While I bake with butter, I don't cook with it. I use olive oil and chicken broth on a regular basis. Since I don't eat cheese, that product never touches a dish that I cook. So, not only did I find a lot of recipes here that I want to try, I also felt a little better about myself when I realized that I have always made healthy choices in my cooking.
One of the recipes that I tried out was this one for Quick Chicken and Artichokes. My husband and I both love artichokes. Between the artichokes and the dill weed, this dish had a nice little tang to it. We loved it! It's the perfect dish to whip up after a long, busy day at work. It comes together very quickly and is so comforting. Stay tuned as I share another delicious recipe from this cookbook, Blackberry Chicken.

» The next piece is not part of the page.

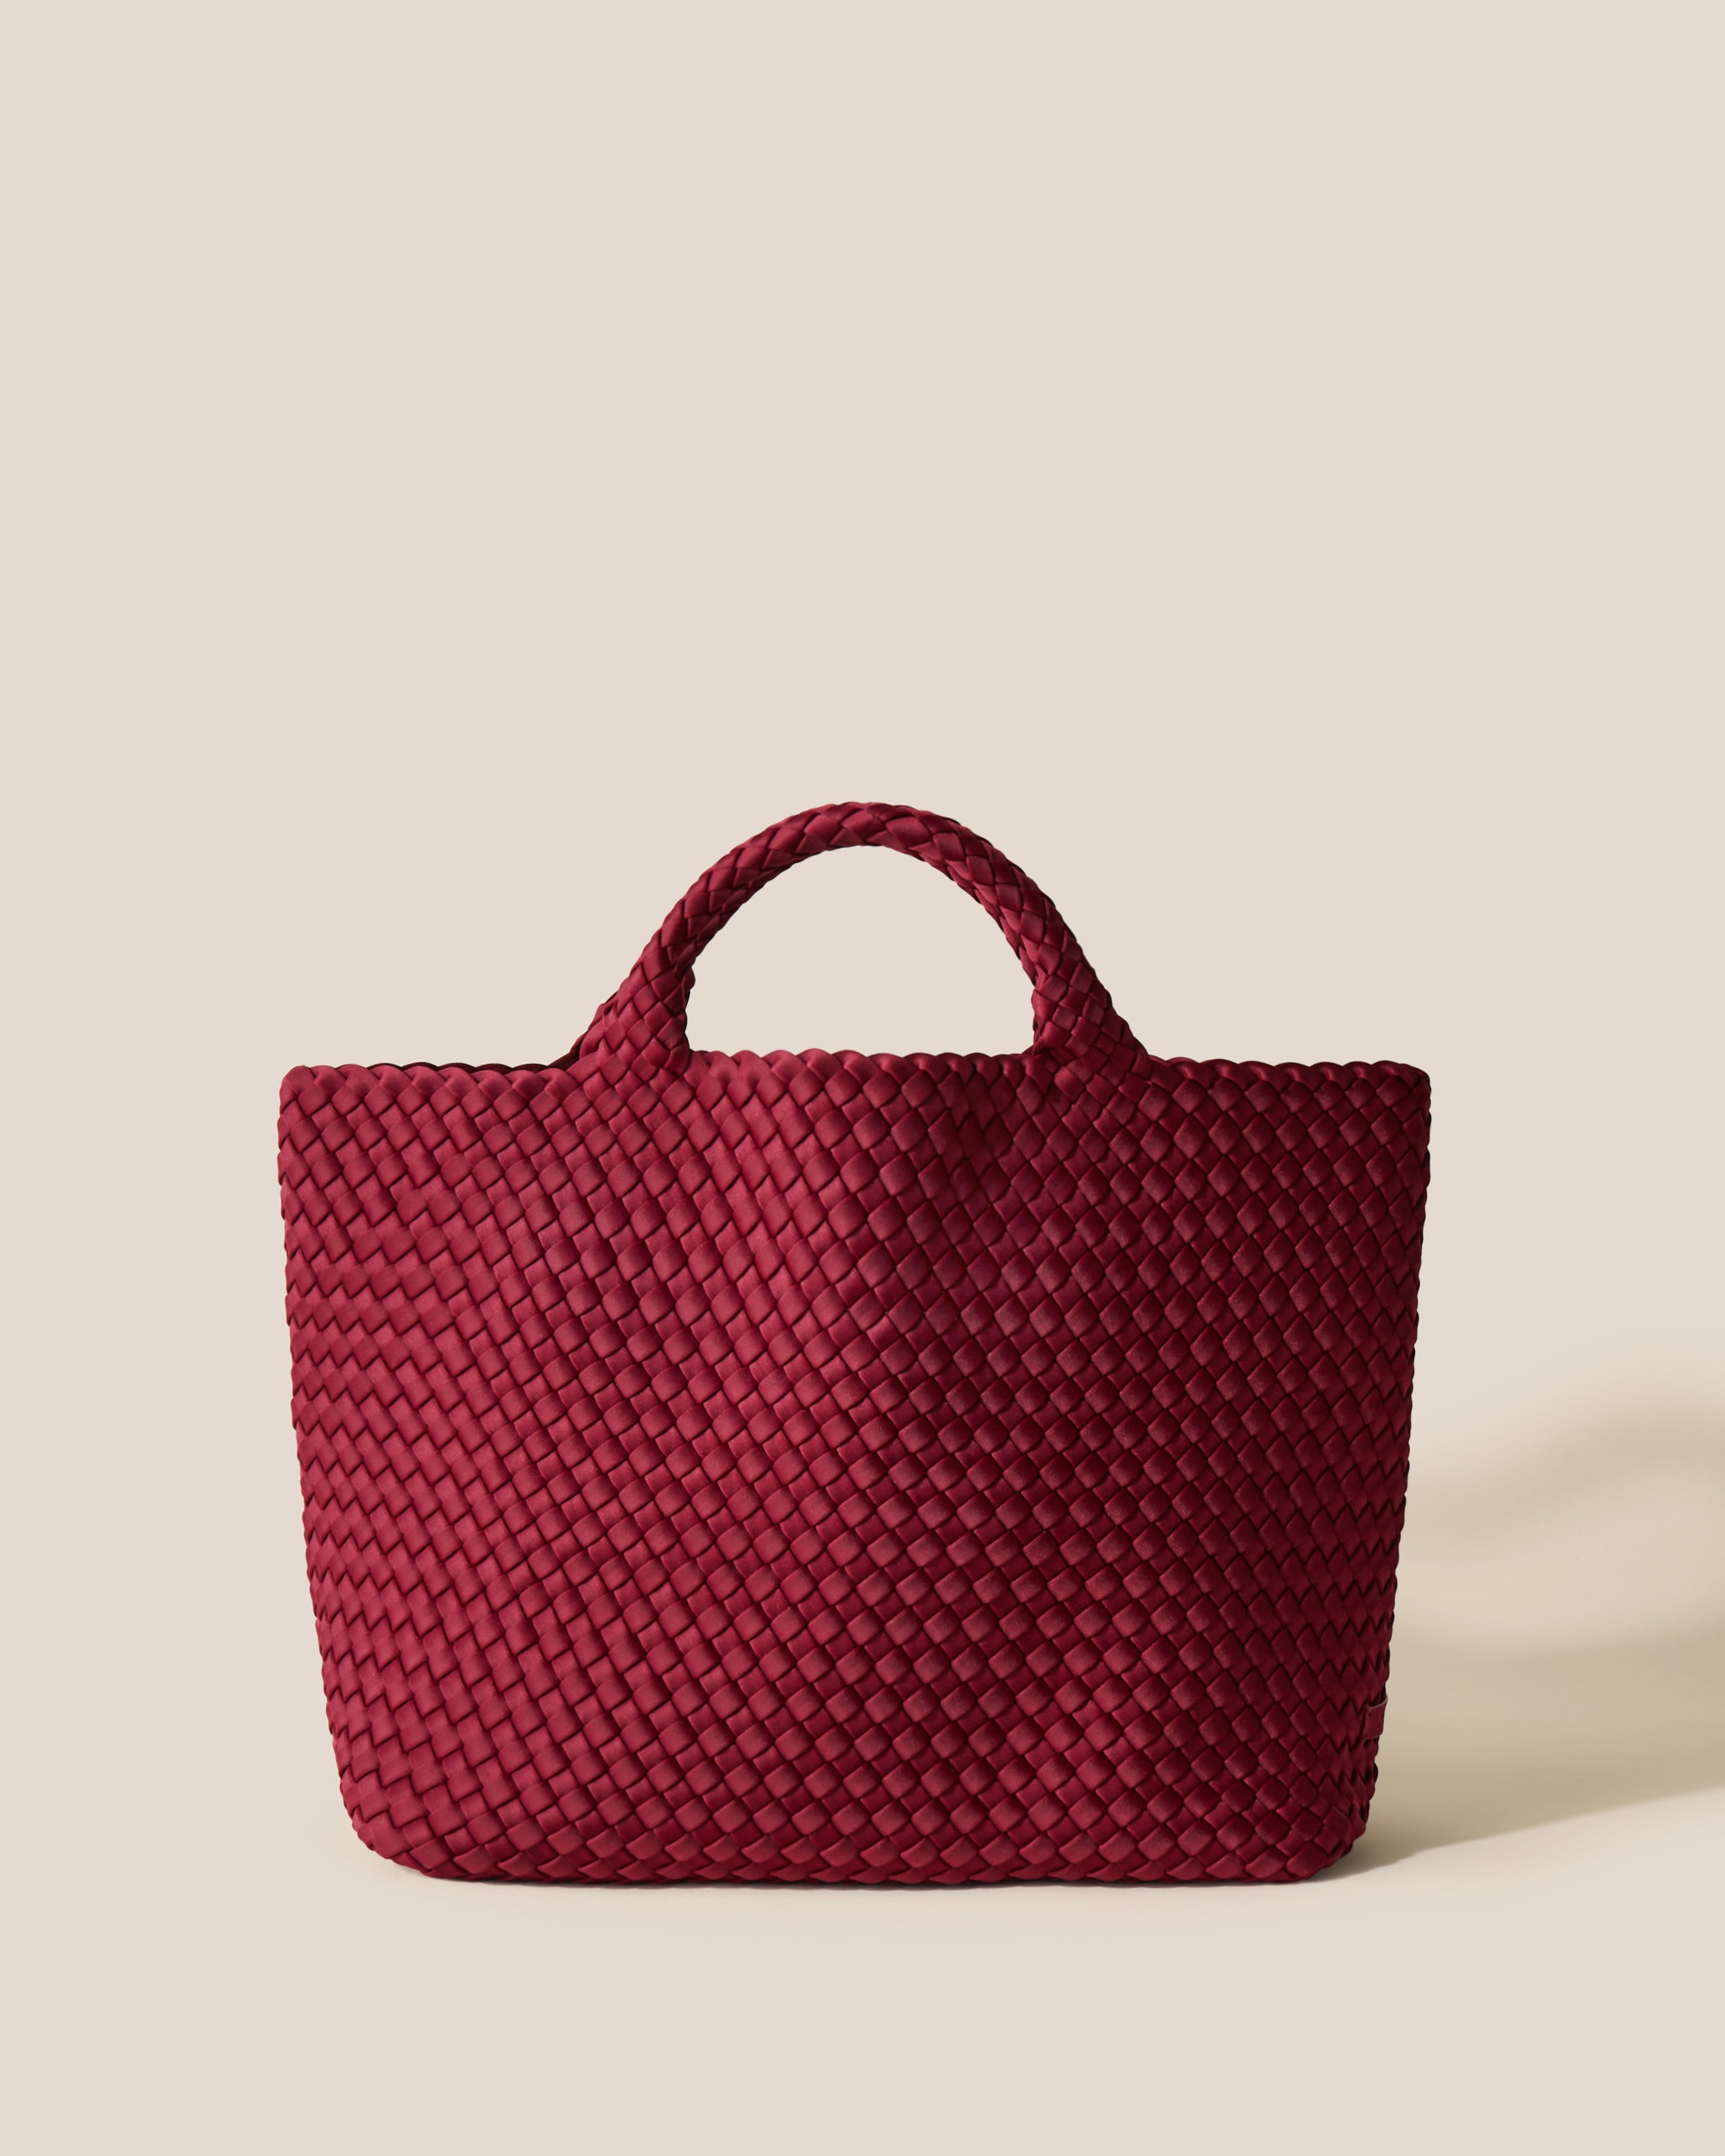 VeeCollective Small Porter Tote Bag in Pink

Quick Chicken and Artichokes
1/4 cup all-purpose flour
Salt and pepper to taste
1-1/2 pounds boneless, skinless chicken breasts, cut into strips
2 tablespoons olive oil
1/2 cup fat-free chicken broth
1 tablespoon lemon juice
1 teaspoon dried dill weed leaves
1 (14.5-oz.) can artichoke heart quarters, drained
In a small plate, combine flour with salt and pepper; coat chicken strips.
In large nonstick skillet, heat olive oil and cook chicken over medium high heat, until lightly browned on each side, stirring, 5-7 minutes.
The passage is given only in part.